Devine was well aware that Busch was not a baseball man, but a
sportsman,
accustomed to winning. His explosive temper was fueled not merely by a fondness for his own product (which was never beer, but always a Bud; there was a fine at Gussie Busch’s ongoing card game for anyone who asked for a beer, not a
Bud),
but even more so for what he called “silver bullets”—very, very dry martinis. In those days, a sportsman meant a rich man with a passion for hunting, fishing, and horse racing, a man who would shoot at the best lodges in the nation and fish distant waters for giant billfish, but who rarely knew about baseball, which was essentially a blue-collar sport. As a Budweiser executive, Busch was an unqualified success. His knowledge of the beer business was exceptional, and he had brought Budweiser to a position of dominance in the industry after World War II. But knowledge and expertise in one field did not travel lightly to another, as he had found after trying to purchase his first black player, Tom Alston, from the minor leagues.
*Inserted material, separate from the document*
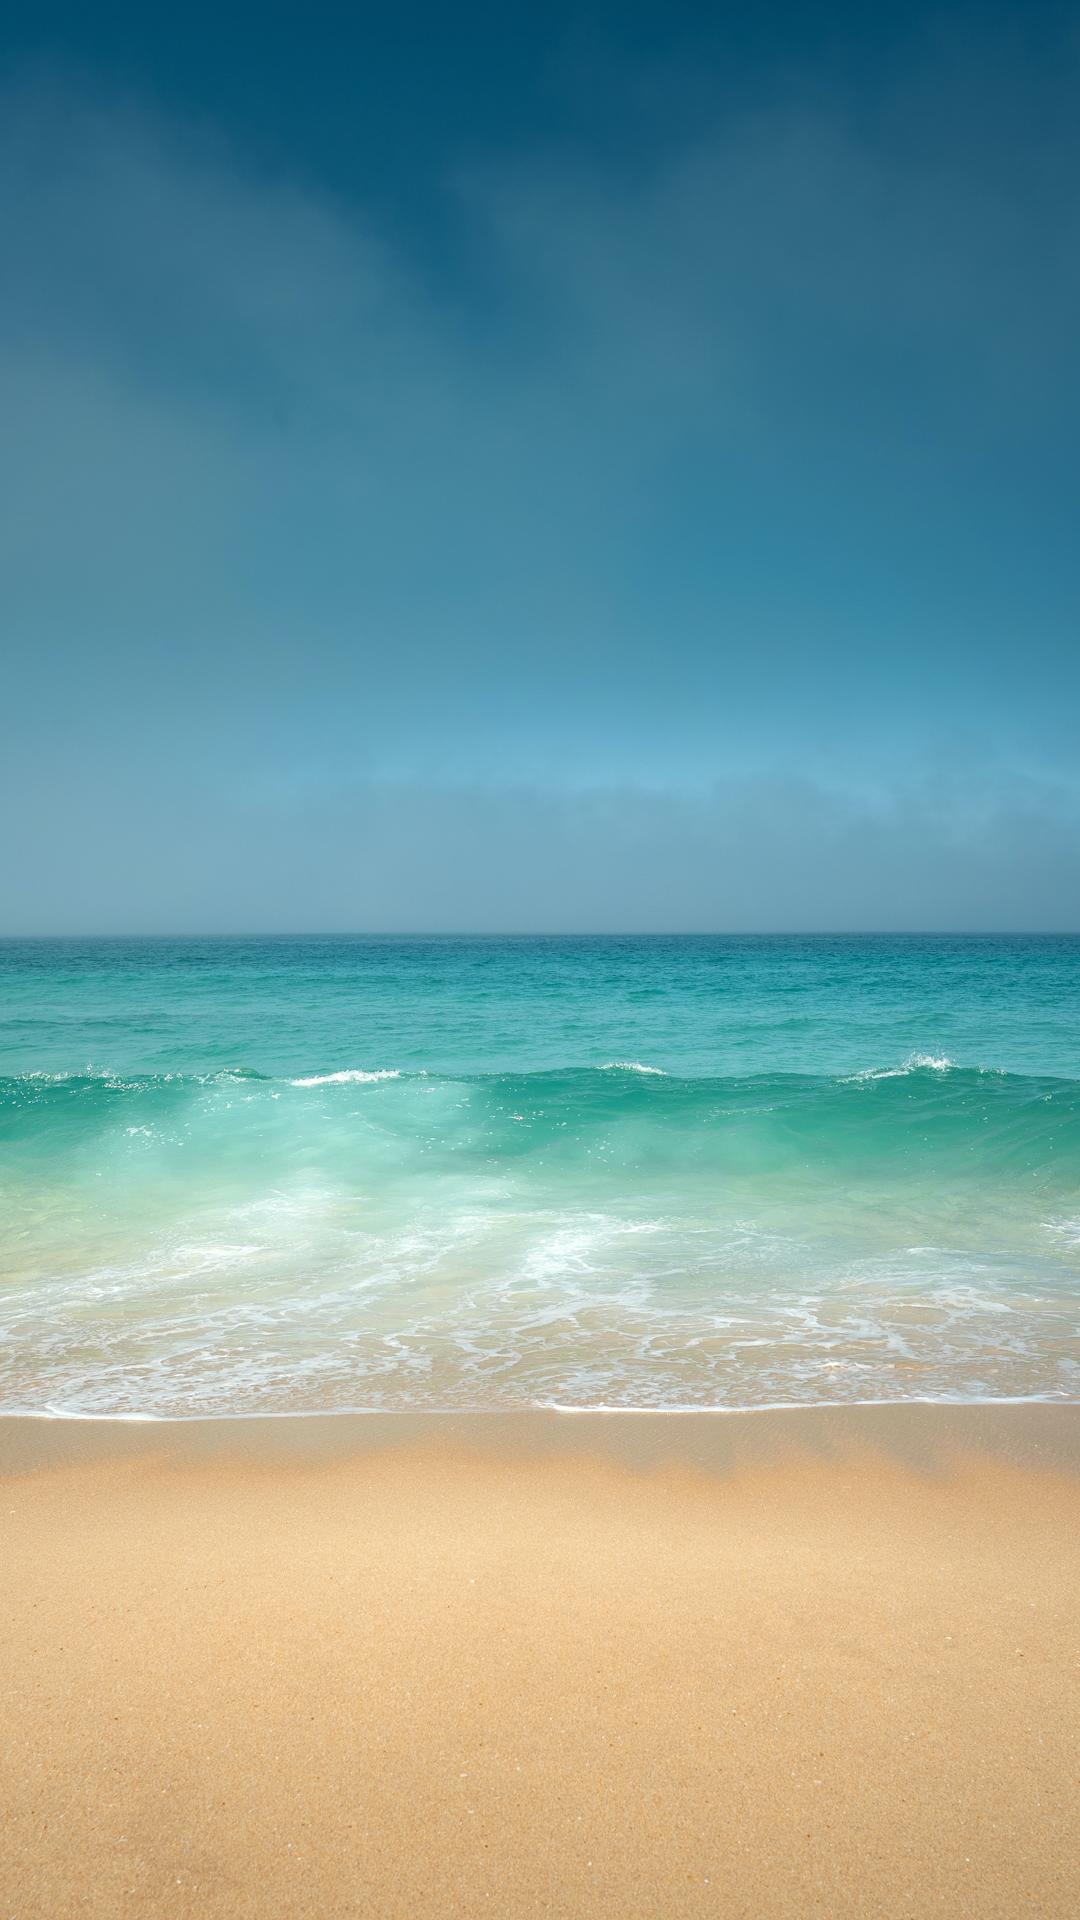 Ocean Aesthetic Wallpaper For iPhone

Busch was irate when he found out that instead of being twenty-three years old, as he had been told, Alston was actually twenty-five. Busch was accustomed to buying machinery rather than human beings, and thereafter depreciating his machinery according to the wear on it. Since the average baseball player’s career was ten years, as Busch had been told, and since Alston was two years older than had been claimed, then roughly 20 percent of his career was clearly gone, so Busch demanded twenty thousand dollars back on the price. That he did not get it was a sign of how difficult doing business was going to be with a rather worn-down baseball franchise. On another occasion he pushed for the signing of the son of a well-known former player named Dixie Walker. When his scouts and player-personnel people dissented, saying that they did not consider the younger Walker major-league potential, Busch became annoyed. He did not know baseball, he said, but he knew horses, and in the world of horses, you always went with the bloodlines and the gene pool—why not in baseball as well?
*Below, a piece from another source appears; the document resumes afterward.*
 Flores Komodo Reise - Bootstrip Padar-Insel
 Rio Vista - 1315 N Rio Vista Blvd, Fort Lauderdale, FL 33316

The Cardinals’ previous owner, Sam Breadon, had come to baseball after owning an auto dealership in St. Louis, during the years when Branch Rickey was the general manager. Breadon was, if anything, cheaper than Rickey, a legendary skinflint: in 1942, when the young Musial had come in third in the National League batting race in his first big season, Breadon offered him the magnificent raise of $1,000 for his good work. With Rickey gone to Brooklyn as general manager, the Cardinals still managed to win regularly throughout the forties. But, getting older and fighting cancer, Breadon began in the mid-forties to sell or trade many of the team’s better ballplayers. There was a ceiling on what a Cardinal ballplayer could make in those days, and it was $13,500. Only Marty Marion, as good a salesman as he was a shortstop, it was said, had been able to breach the 13.5 ceiling; he received $15,000 because he was a favorite of management and because, in 1944, he was also the Most Valuable Player in the National League. Generally, when a player reached $13,500, it was as good as buying a train ticket out of St. Louis. At one point, angered by the demands of the Cooper brothers for salaries as large as Marion’s, Breadon essentially sold both of them off, getting $60,000 plus another ballplayer for Mort Cooper in 1945 from the Boston Braves, and, a few months later, selling Walker Cooper to the Giants for $175,000, then a record price. Breadon also allowed Branch Rickey’s great farm system, which in the thirties and forties had fed so many great players into the team, to atrophy. The last hurrah for the old Cardinals came in 1949 when they dueled the Dodgers in a momentous pennant race. Up two games with only five games to play, they blew that lead at the end. On the train back to St. Louis late that season, Bob Broeg of the
Post-Dispatch
asked Eddie Dyer, the Cardinals’ manager, when he thought the Cardinals might challenge for the pennant again. Dyer said, “Funny, Bob, I was just asking my wife the same thing.” Then Dyer pondered the question for a moment. “Not for a long time,” he said, for the farm system was gone and Branch Rickey, who had built it up, was gone, to archenemy Brooklyn, and there were not that many good young players coming up.